You can also use wire shelves to hang tools from hooks made out of wire coat hangers.


  1. I must confess that I like you idea for a couple of reasons. Normally, we at Gorgeous Garage of East Texas, do not recommend garage ceiling storage due to the tendency of customers to install the products without centering the bolts or screws in the ceiling joist and because they usually overload the garage ceiling baskets over time and end up with sagging joists and cracked ceilings. However, your idea alleviates our concerns. The smaller shelf and the reduced space above it helps to prevent overloading, and of course, if the garage studs and joists are exposed, then attachment should be done properly since one can see through the wire rack readily.

  2. Hey Shain, Glad you liked our overhead shelving idea. As I’m sure you’ve discovered, people are always looking for ways to utilize every square inch of garage space, and we’re just trying to help them out. Thanks for writing and be sure to stay tuned to the tv show and website because we’ve got many more storage ideas to come. Best wishes, Joe T.

  3. Well, there are many ways to attach overhead shelves to a drywall garage ceiling, but here’s one technique that works great: Buy two lengths of perforated angle iron, the kind used to install garage-door openers to the ceiling. It’s basically a long piece of metal bent lengthwise at 90 degrees and perforated along both flanges with holes or slots. Securely screw each angle iron to the ceiling with lag screws, making sure to drive them into joists. Now suspend vertical lengths of wood or metal strapping from the angle irons, and bolt on horizontal supports. You can then attach plywood shelving to the supports.

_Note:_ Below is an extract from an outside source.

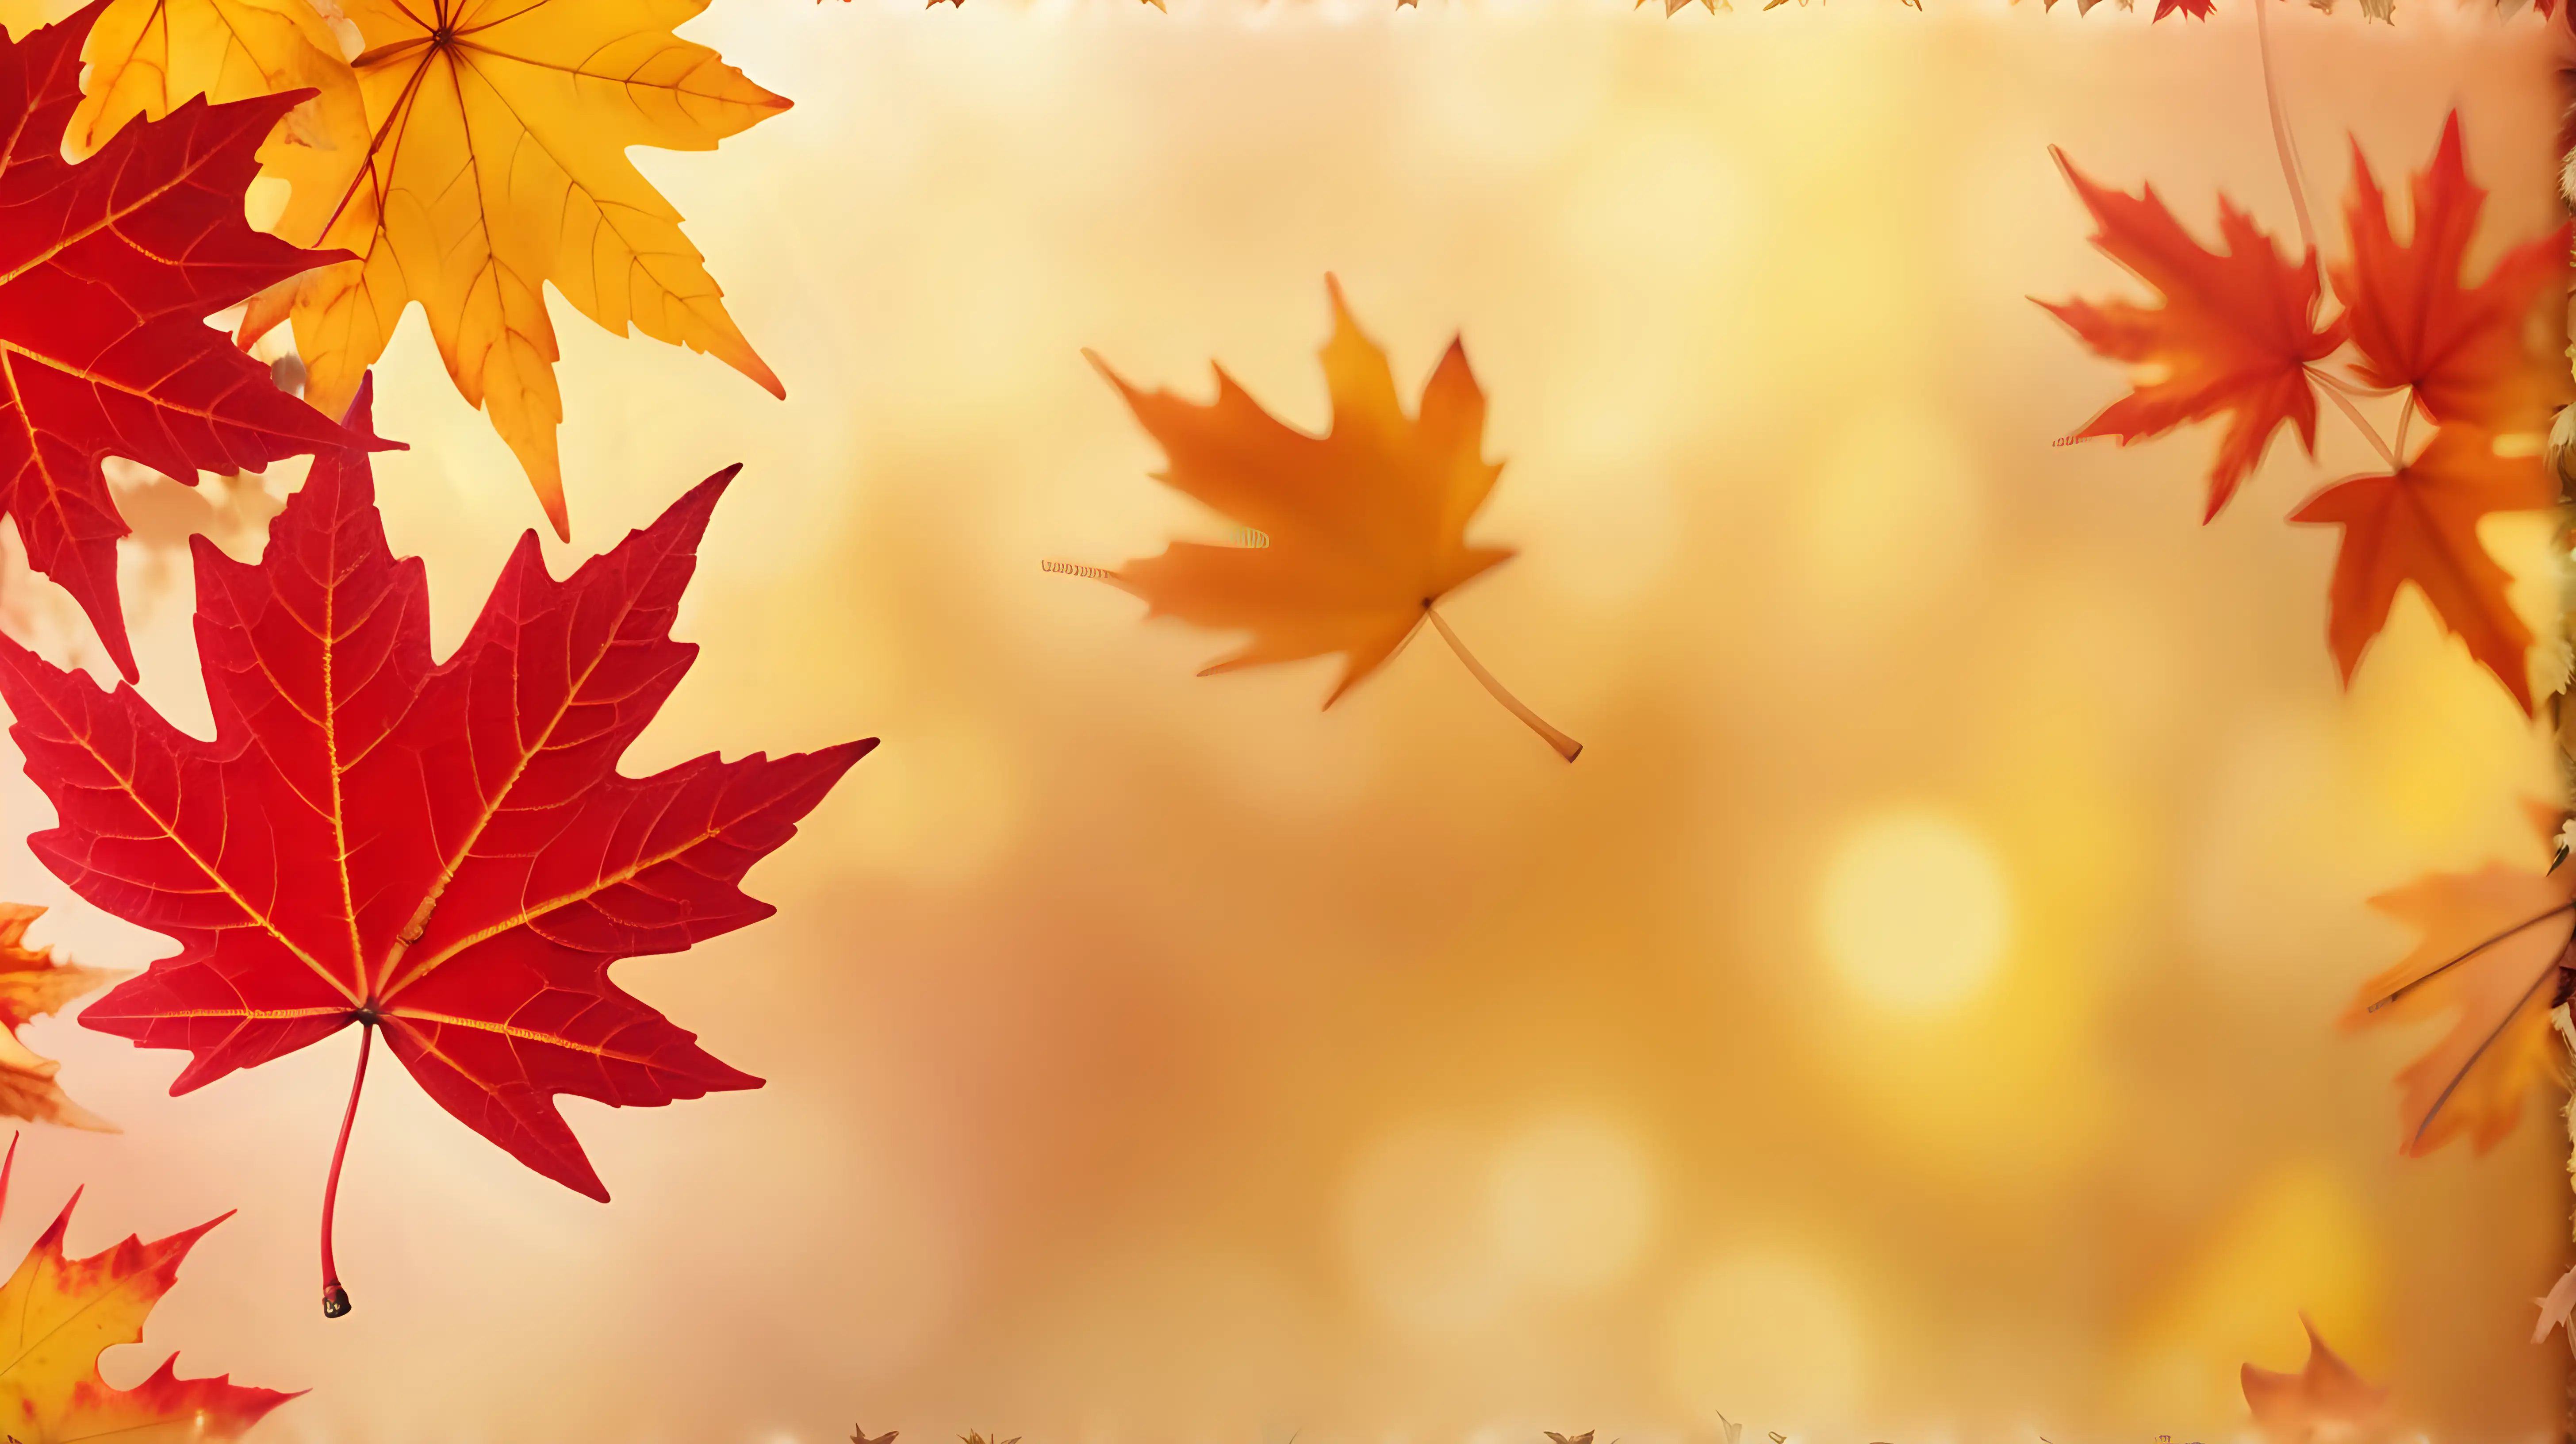 Farewell to Fall Festivities: Create a captivating web banner that symbolizes the end of fall festivities using red and yellow maple leaves in soft focus, promoting the last events and offers of the year.

  4. I had wire shelving in my previous kitchen and absolutely hated them! Everything that was not wide enough to simply span 3 wires had a tendency to tumble over if not based properly. And, when something did spill, it went all the way to the ground…making everything underneath it dirty and sticky on the way down! When we built our overflow kitchen in the cellar, we set up wood shelving…I Love them and, when we get to it, our new corner pantry will probably also have wood shelving.

  5. Hi Jonah, I love that term, “overflow kitchen.” My mom had three of them. In any case, I know exactly what you’re talking about re: wire shelving. Stored items always tip over or fall through, and clothing gets imprinted with the wire pattern. The best solution is to simply cover the shelving with thin plywood, Plexiglas, or even cardboard. That not only creates a flat, hard surface, but it also keeps dust and dirt from falling through. Thanks for writing and good luck!–Joe T.